Enolase from Trypanosoma brucei, from the amitochondriate protist Mastigamoeba balamuthi, and from the chloroplast and cytosol of Euglena gracilis: pieces in the evolutionary puzzle of the eukaryotic glycolytic pathway.

Abstract

Genomic or cDNA clones for the glycolytic enzyme enolase were isolated from the amitochondriate pelobiont Mastigamoeba balamuthi, from the kinetoplastid Trypanosoma brucei, and from the euglenid Euglena gracilis. Clones for the cytosolic enzyme were found in all three organisms, whereas Euglena was found to also express mRNA for a second isoenzyme that possesses a putative N-terminal plastid-targeting peptide and is probably targeted to the chloroplast. Database searching revealed that Arabidopsis also possesses a second enolase gene that encodes an N-terminal extension and is likely targeted to the chloroplast. A phylogeny of enolase amino acid sequences from 6 archaebacteria, 24 eubacteria, and 32 eukaryotes showed that the Mastigamoeba enolase tended to branch with its homologs from Trypanosoma and from the amitochondriate protist Entamoeba histolytica.
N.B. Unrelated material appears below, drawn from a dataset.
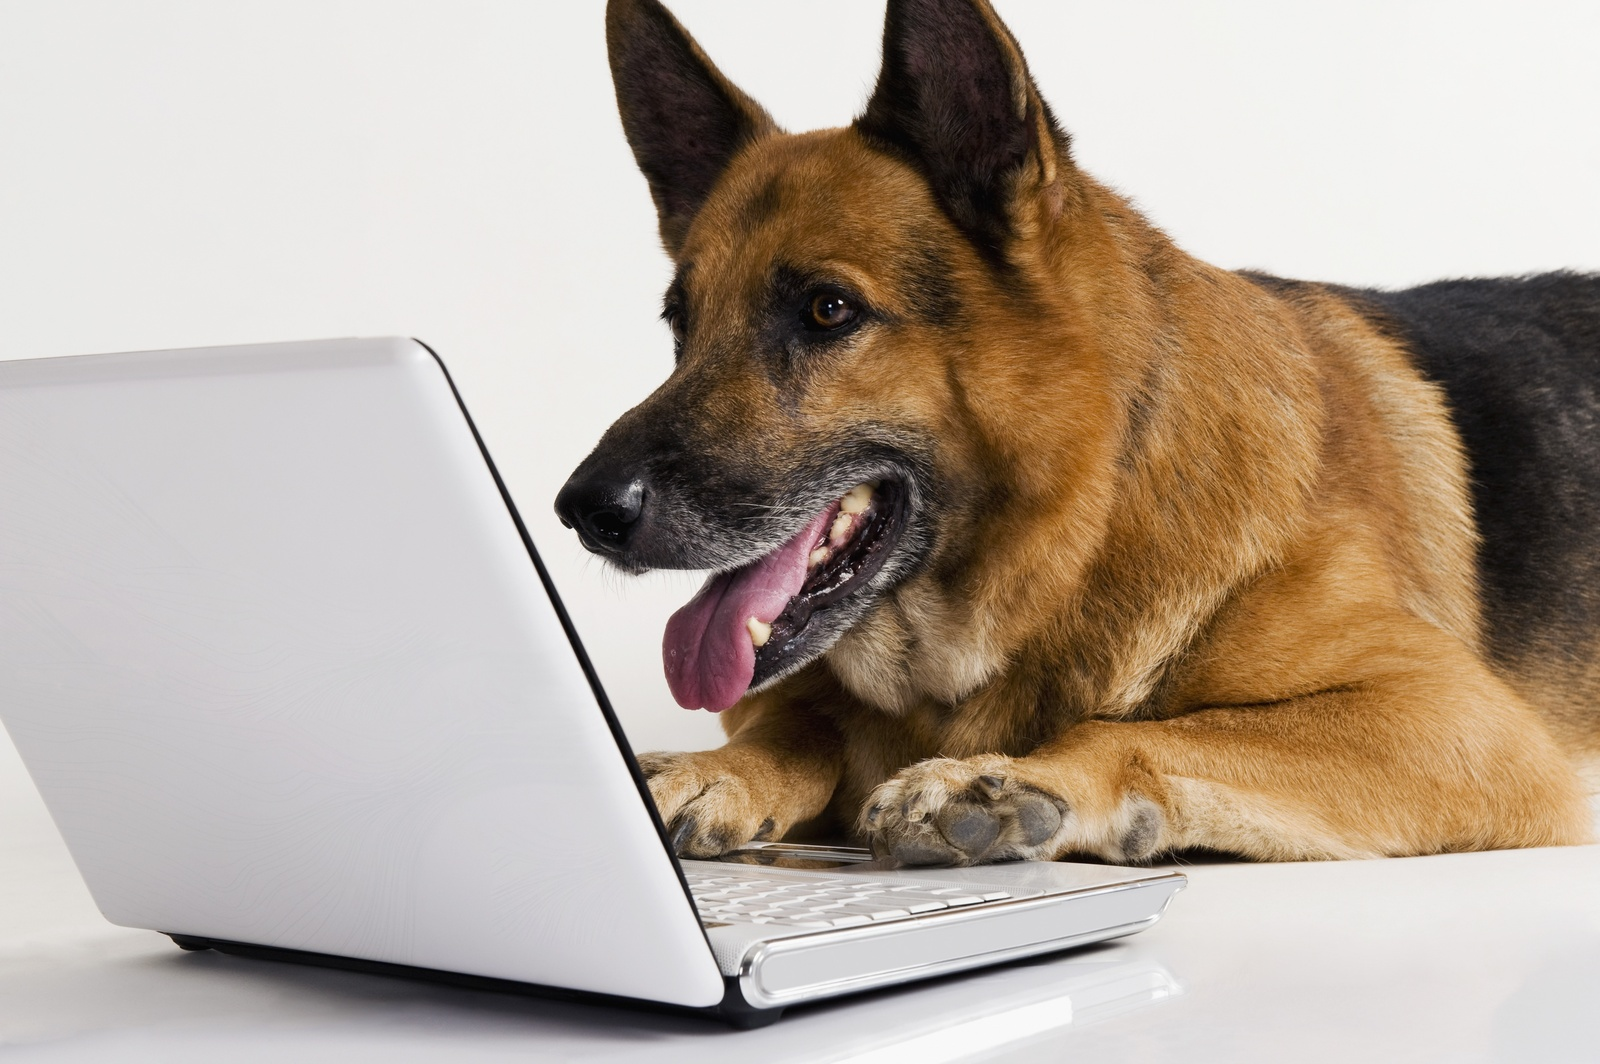 Картинки по запросу Собака с книгой

The compartment-specific isoenzymes in Euglena arose through a gene duplication independent of that which gave rise to the compartment-specific isoenzymes in Arabidopsis, as evidenced by the finding that the Euglena enolases are more similar to the homolog from the eubacterium Treponema pallidum than they are to homologs from any other organism sampled. In marked contrast to all other glycolytic enzymes studied to date, enolases from all eukaryotes surveyed here (except Euglena) are not markedly more similar to eubacterial than to archaebacterial homologs. An intriguing indel shared by enolase from eukaryotes, from the archaebacterium Methanococcus jannaschii, and from the eubacterium Campylobacter jejuni maps to the surface of the three-dimensional structure of the enzyme and appears to have occurred at the same position in parallel in independent lineages.